SULTRAKINI.COM: KENDARI – Ketua Dewan Pimpinan Daerah (DPD) Partai Demokrat Provinsi Sulawesi Tenggara, Muhammad Endang SA, S.Sos., S.H., M.AP., yang juga merupakan salah satu dari 13 Presidium Majelis Wilayah (MW) Korps Alumni Himpunan Mahasiswa Islam (KAHMI) Sulawesi Tenggara periode 2022–2027, menyampaikan pandangan reflektifnya terkait kondisi bangsa dan daerah dalam sebuah kesempatan silaturahmi Ramadan.
Dalam sambutannya, ia mengungkapkan kekhawatirannya terhadap dinamika perjalanan bangsa, baik di tingkat nasional maupun daerah, khususnya Sulawesi Tenggara.
Menurutnya, jika menilik kembali kritik sejarah yang pernah disuarakan pada tahun 1998, kondisi saat ini menunjukkan tantangan yang tidak ringan.

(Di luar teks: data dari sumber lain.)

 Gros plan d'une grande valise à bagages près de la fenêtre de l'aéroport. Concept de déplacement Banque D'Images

Ia menyinggung berbagai isu yang berkembang di tengah masyarakat, mulai dari keresahan sosial, persoalan ekonomi seperti koperasi Merah Putih, hingga wacana penguatan pertahanan dengan konsep satu kabupaten satu batalion.

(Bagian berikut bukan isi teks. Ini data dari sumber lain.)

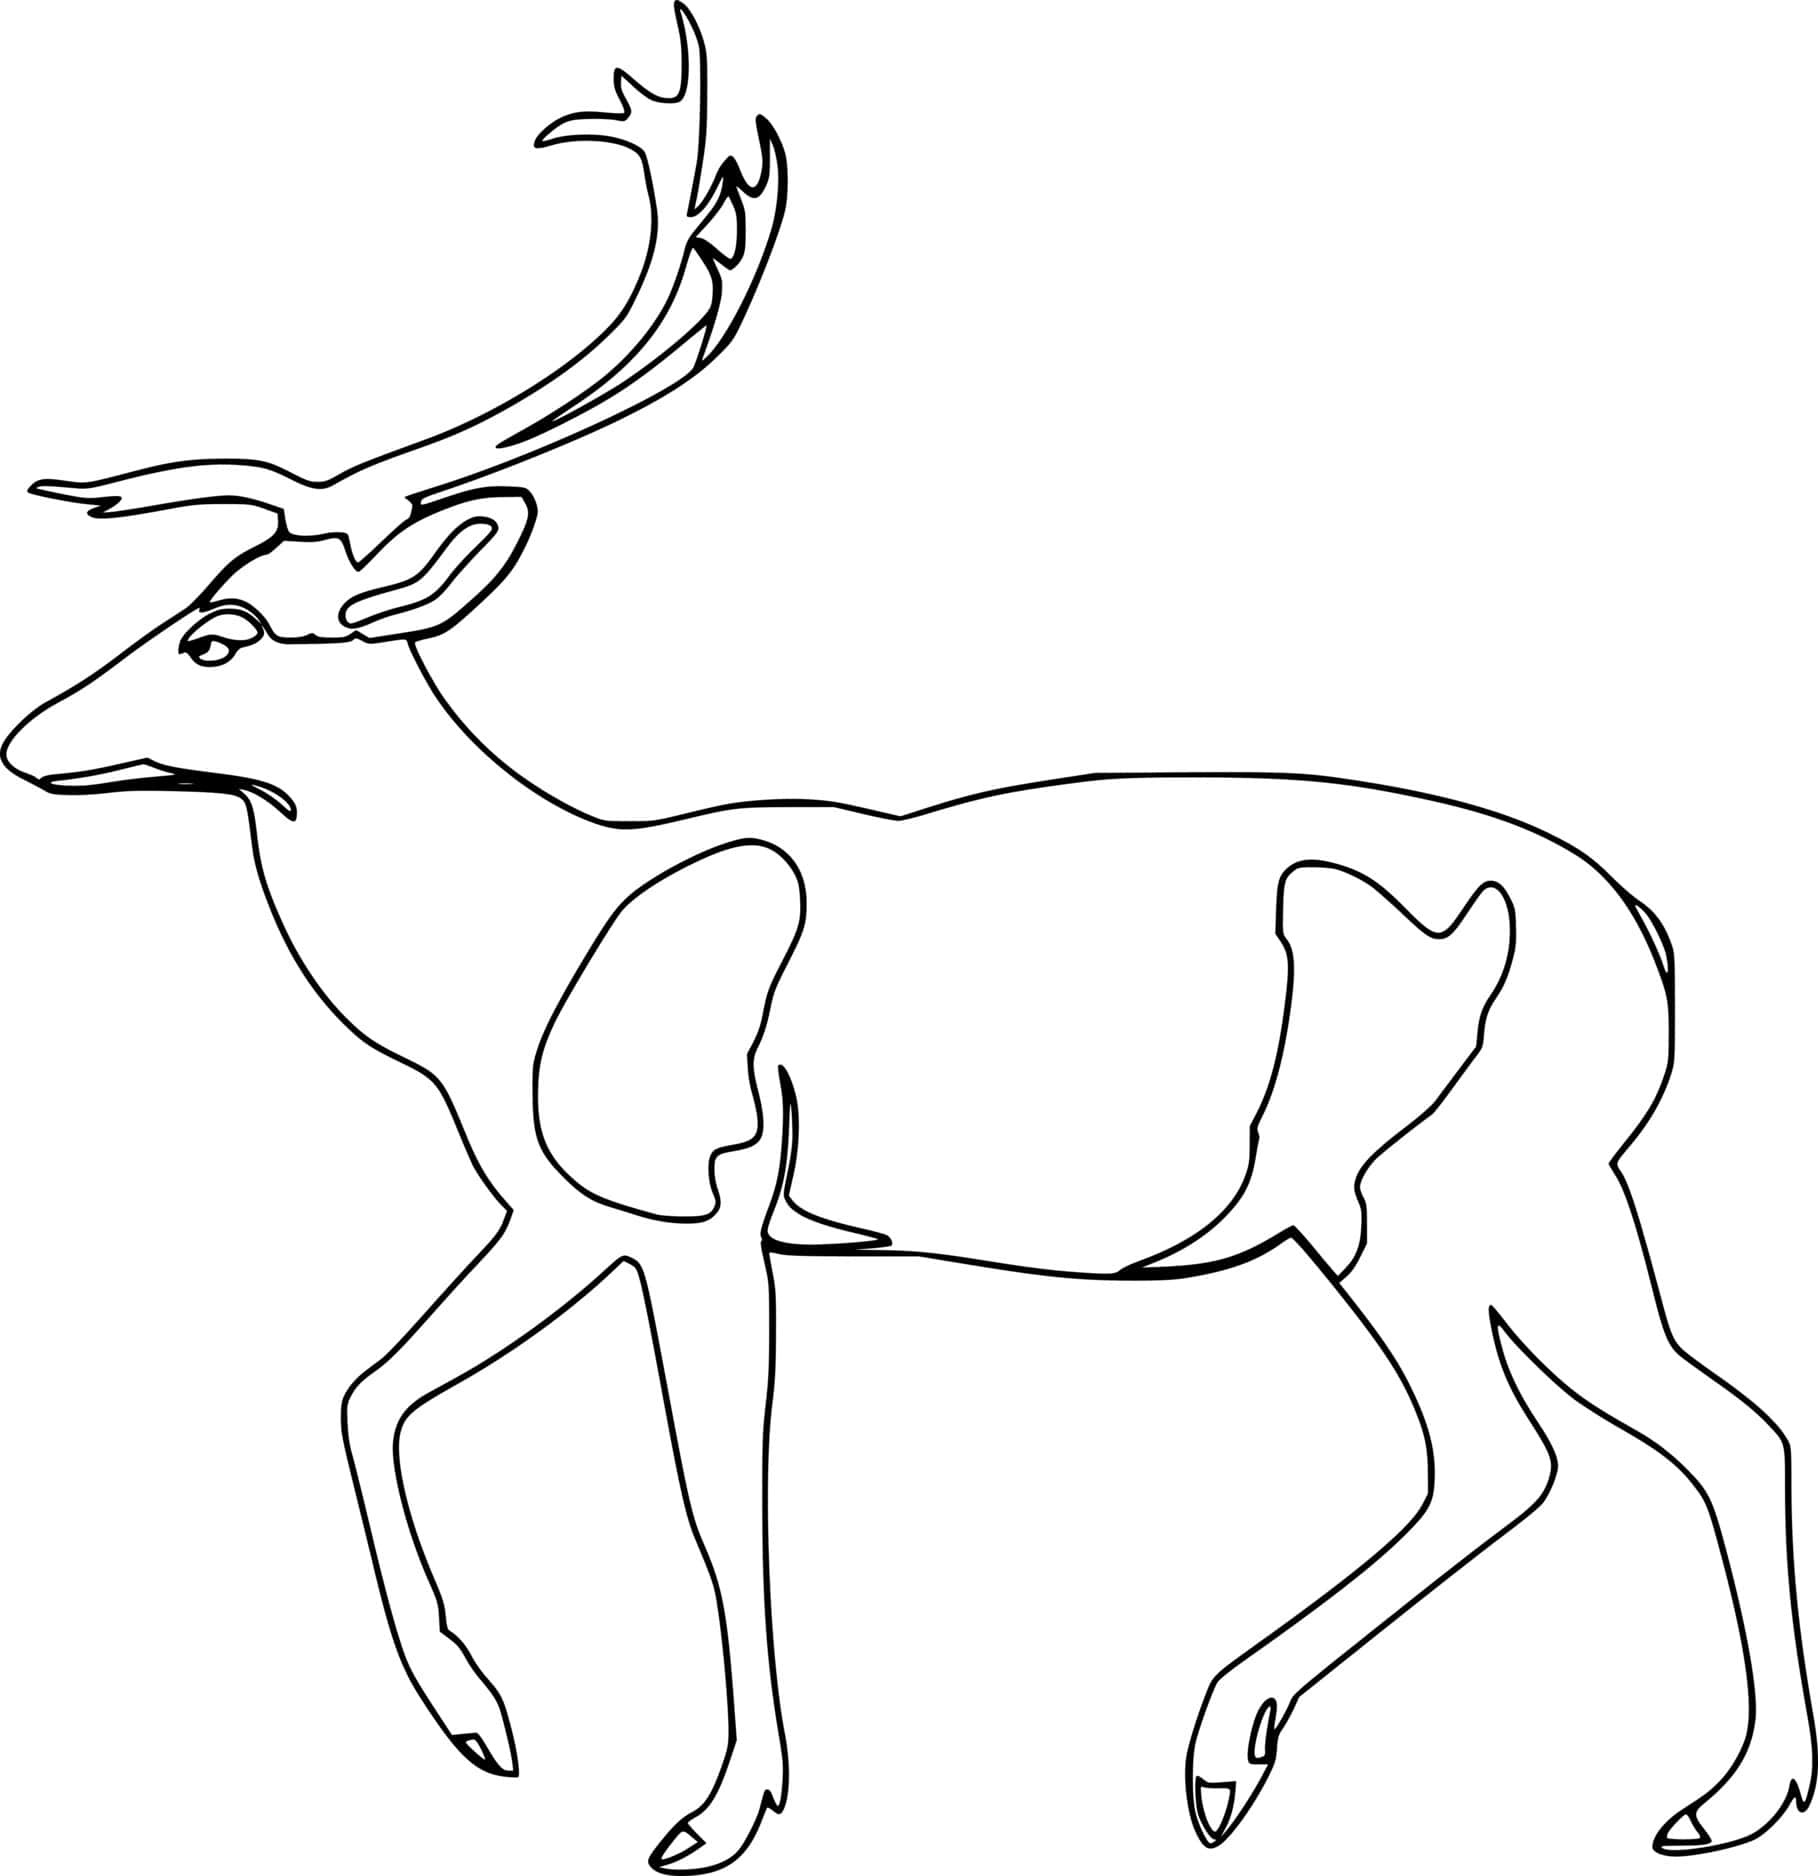 Walking Easy Deer Coloring Page

Menurutnya, berbagai dinamika tersebut menuntut kontribusi semua elemen, termasuk alumni HMI, untuk tetap mengambil peran strategis sesuai kapasitas masing-masing.
Dalam suasana penuh refleksi di bulan suci Ramadan, ia juga mengajak seluruh kader dan alumni untuk melakukan muhasabah, mengingat kembali tugas ke-HMI-an dalam mewujudkan masyarakat adil dan makmur.
Ia menekankan bahwa di manapun berada, setiap individu memiliki tanggung jawab moral terhadap daerah dan bangsa.
Mengakhiri pesannya, ia mengutip makna “pulang” sebagaimana yang sempat disampaikan Wakil Gubernur Sultra dalam forum sebelumnya. Menurutnya, di era digital dengan kemudahan akses internet dan peta daring, makna pulang tidak sekadar kembali secara fisik, tetapi juga kembali pada nilai-nilai kebaikan dan pengabdian.
Ia berharap setiap momentum kepulangan, termasuk dalam suasana Ramadan dan mudik, dapat dirayakan dengan suka cita serta menjadi ruang refleksi untuk berbuat lebih baik bagi daerah dan bangsa.